──────── EXERCISE DATA ────────

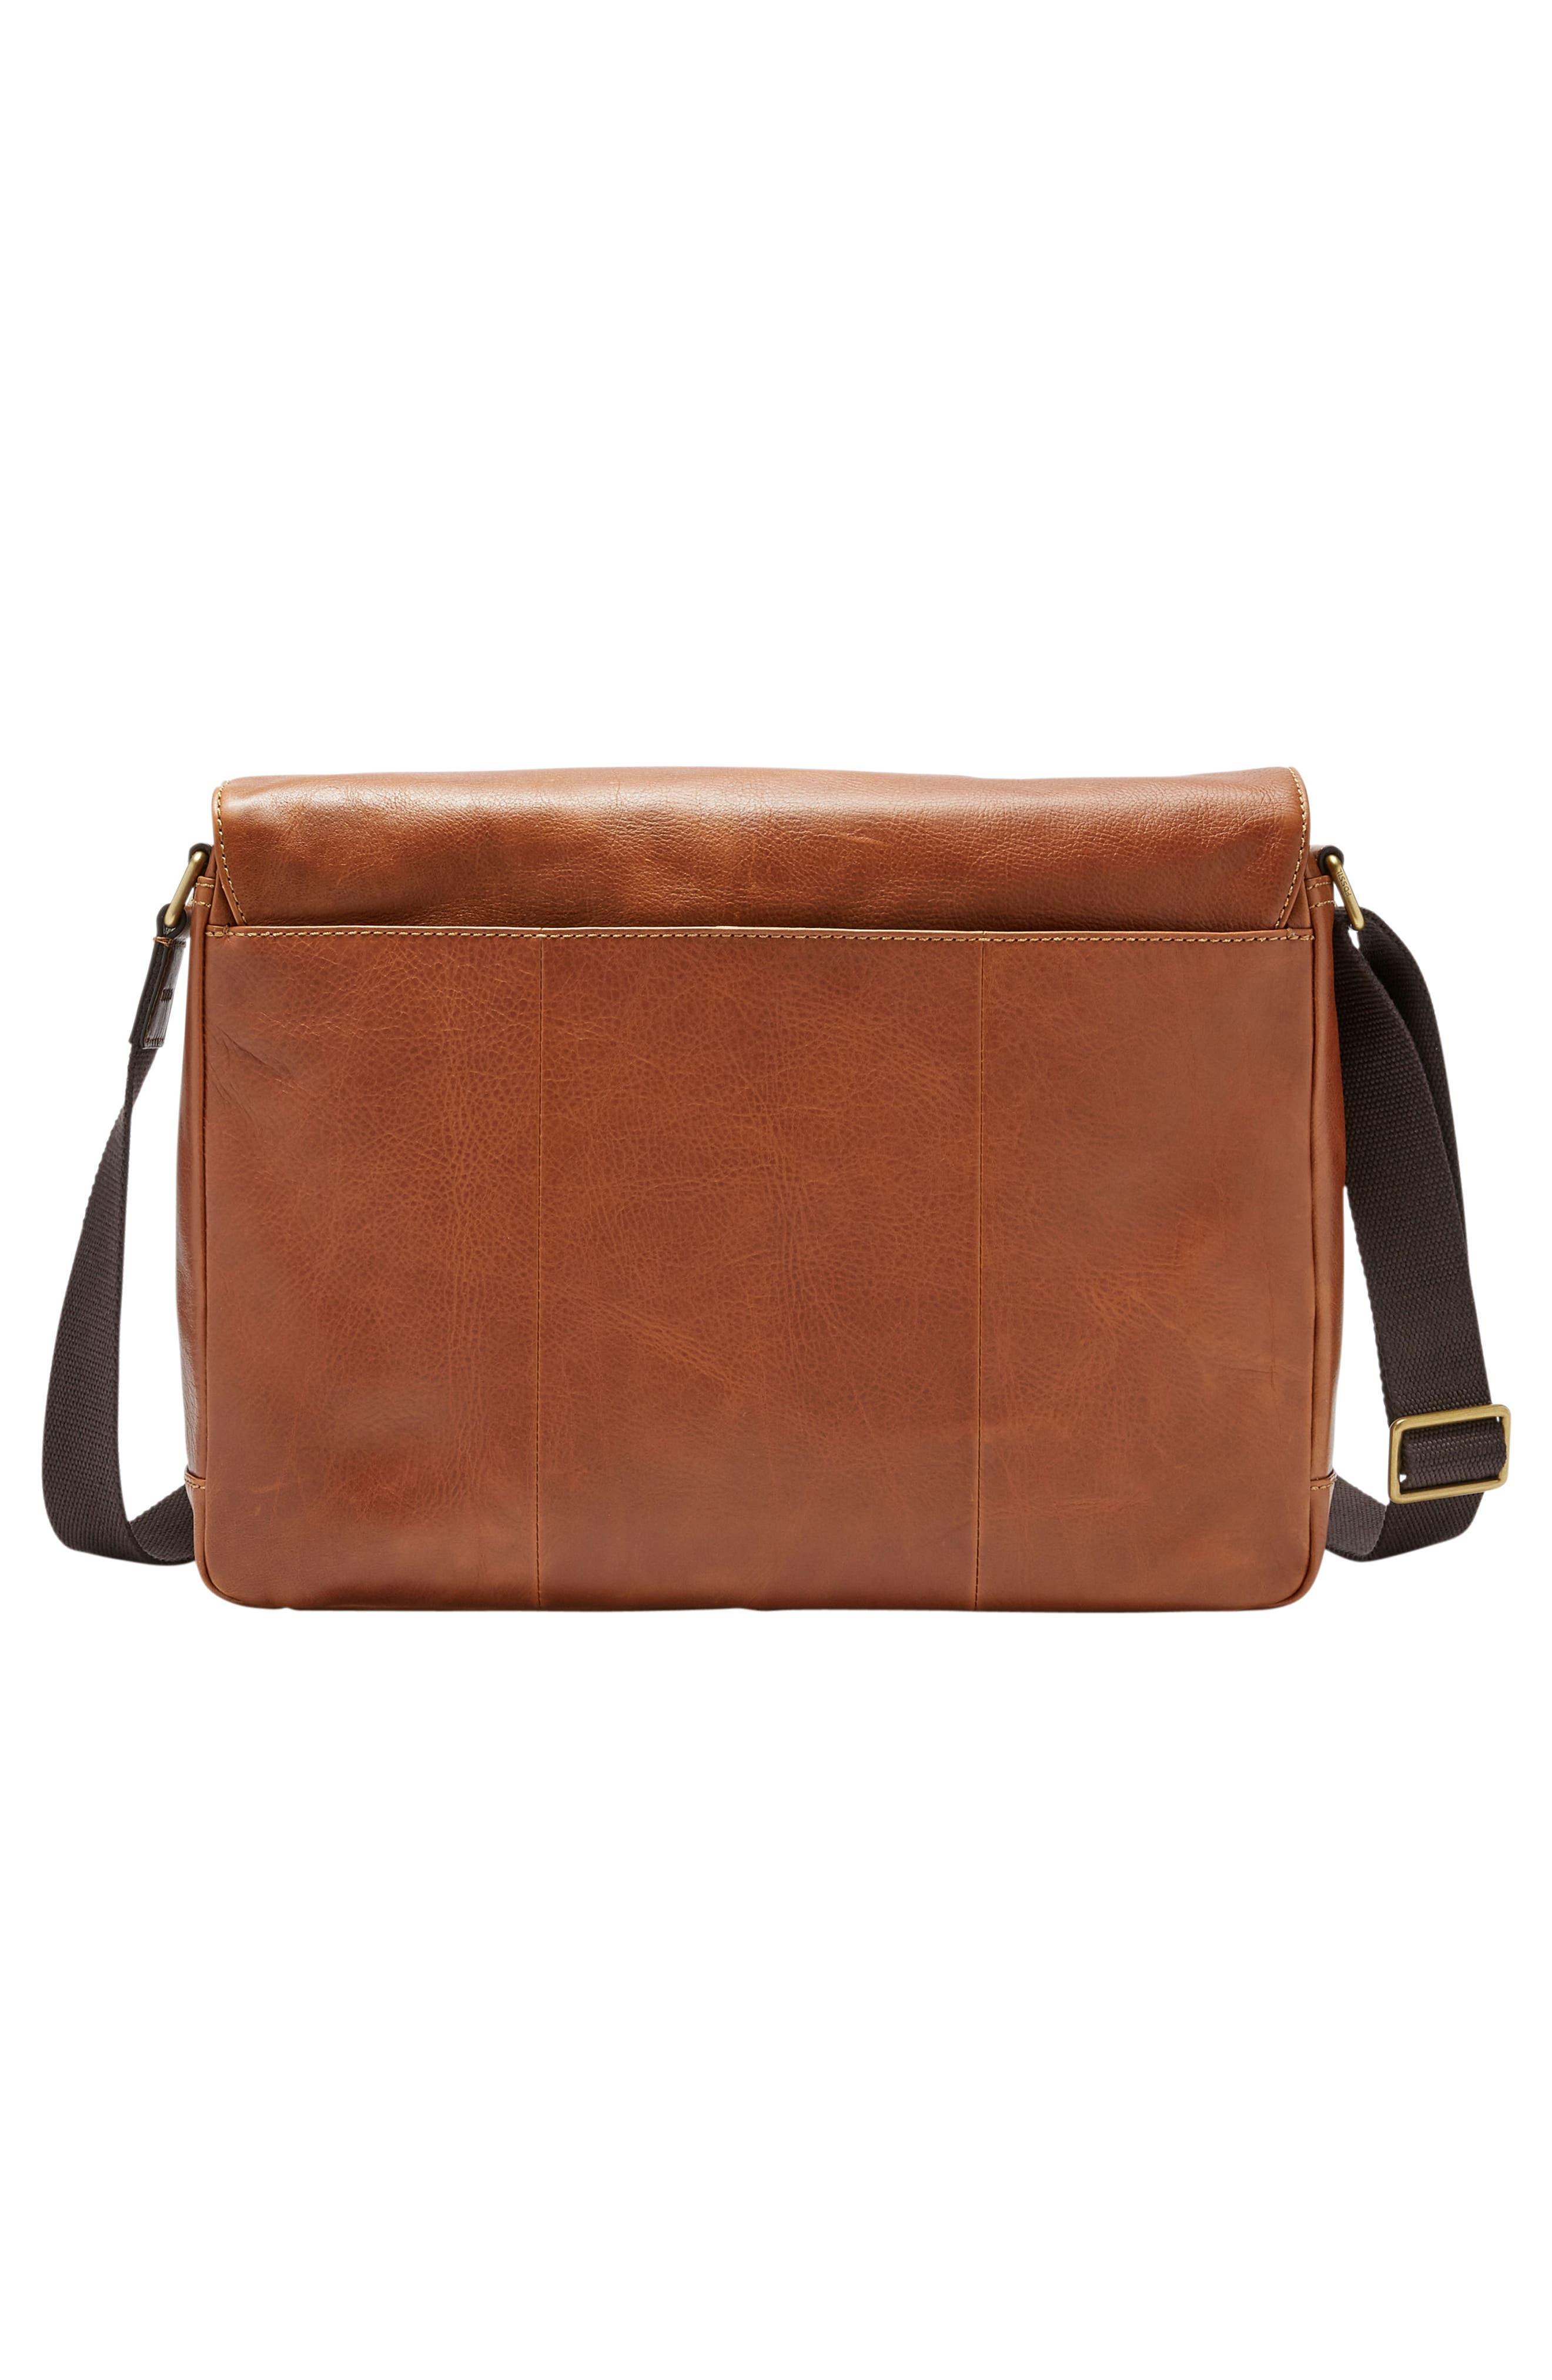 'Defender' Leather Messenger Bag,                             Alternate thumbnail 2, color,                             202
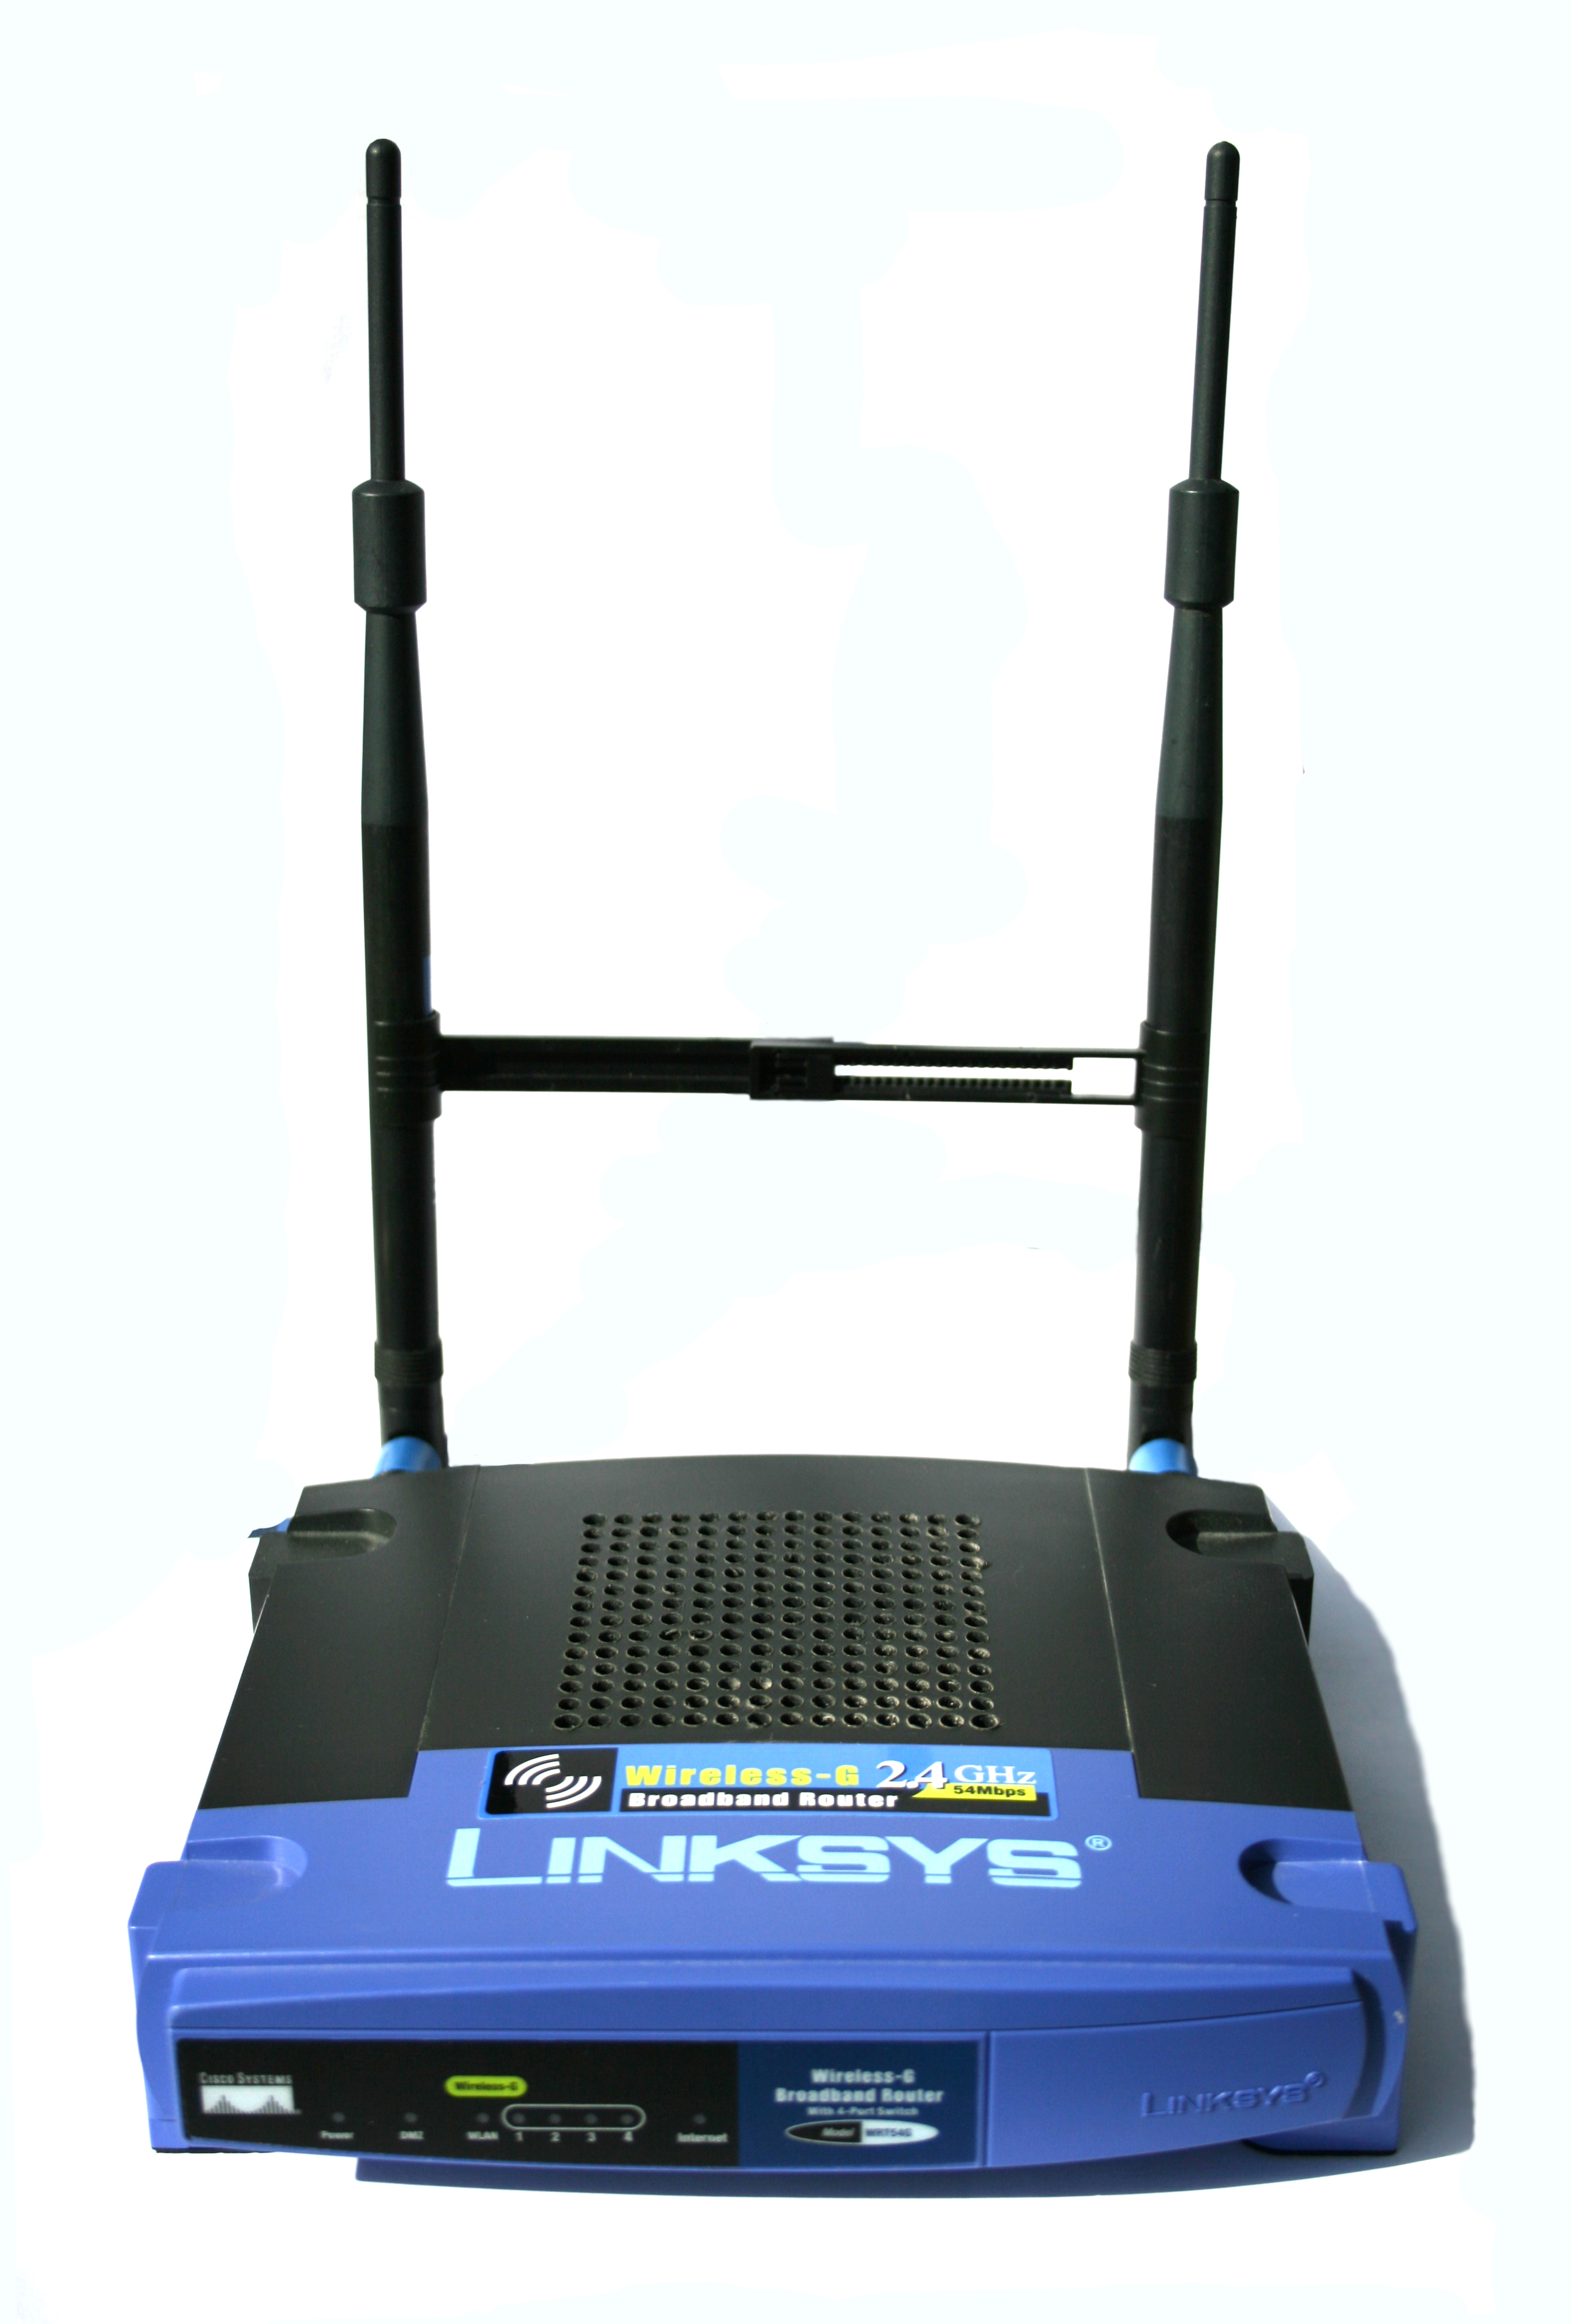 linksys wrt54g wifi:
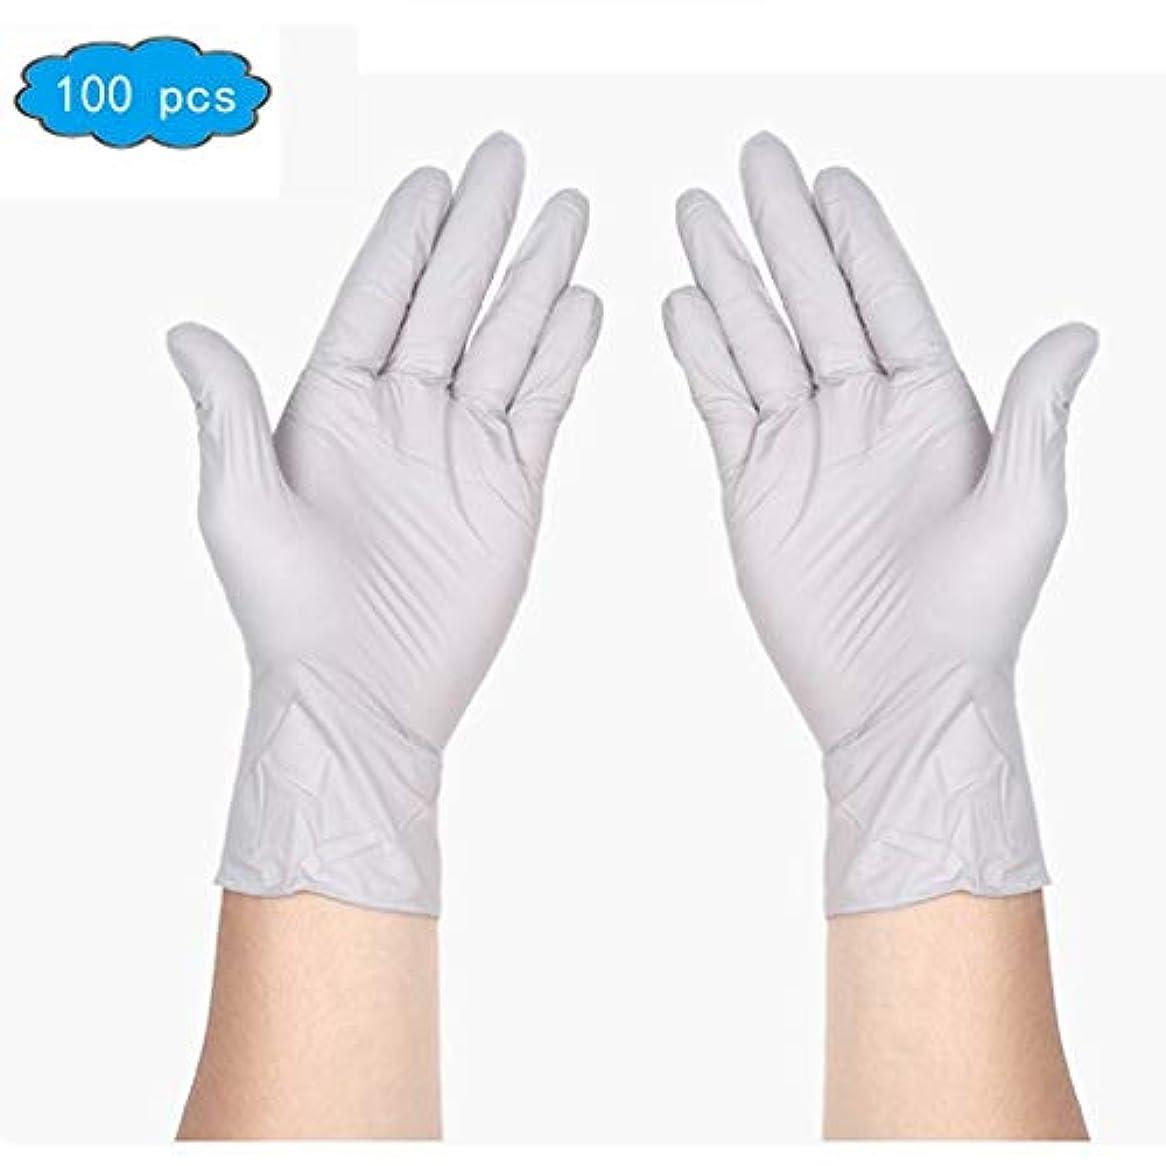 迷路三十ペフニトリル試験用手袋 - 医療用グレード、パウダーフリー、ラテックスラバーフリー、使い捨て、非滅菌、食品安全、テクスチャード加工、白色、2.5ミル、便利なディスペンサー、100個入り、サニタリーグローブ (Color :...

────────

Every line above should be repeated exactly; pictures stay out of the copy.

**YOUR SOLUTION**
 'Defender' Leather Messenger Bag,                             Alternate thumbnail 2, color,                             202
 linksys wrt54g wifi:
 迷路三十ペフニトリル試験用手袋 - 医療用グレード、パウダーフリー、ラテックスラバーフリー、使い捨て、非滅菌、食品安全、テクスチャード加工、白色、2.5ミル、便利なディスペンサー、100個入り、サニタリーグローブ (Color :...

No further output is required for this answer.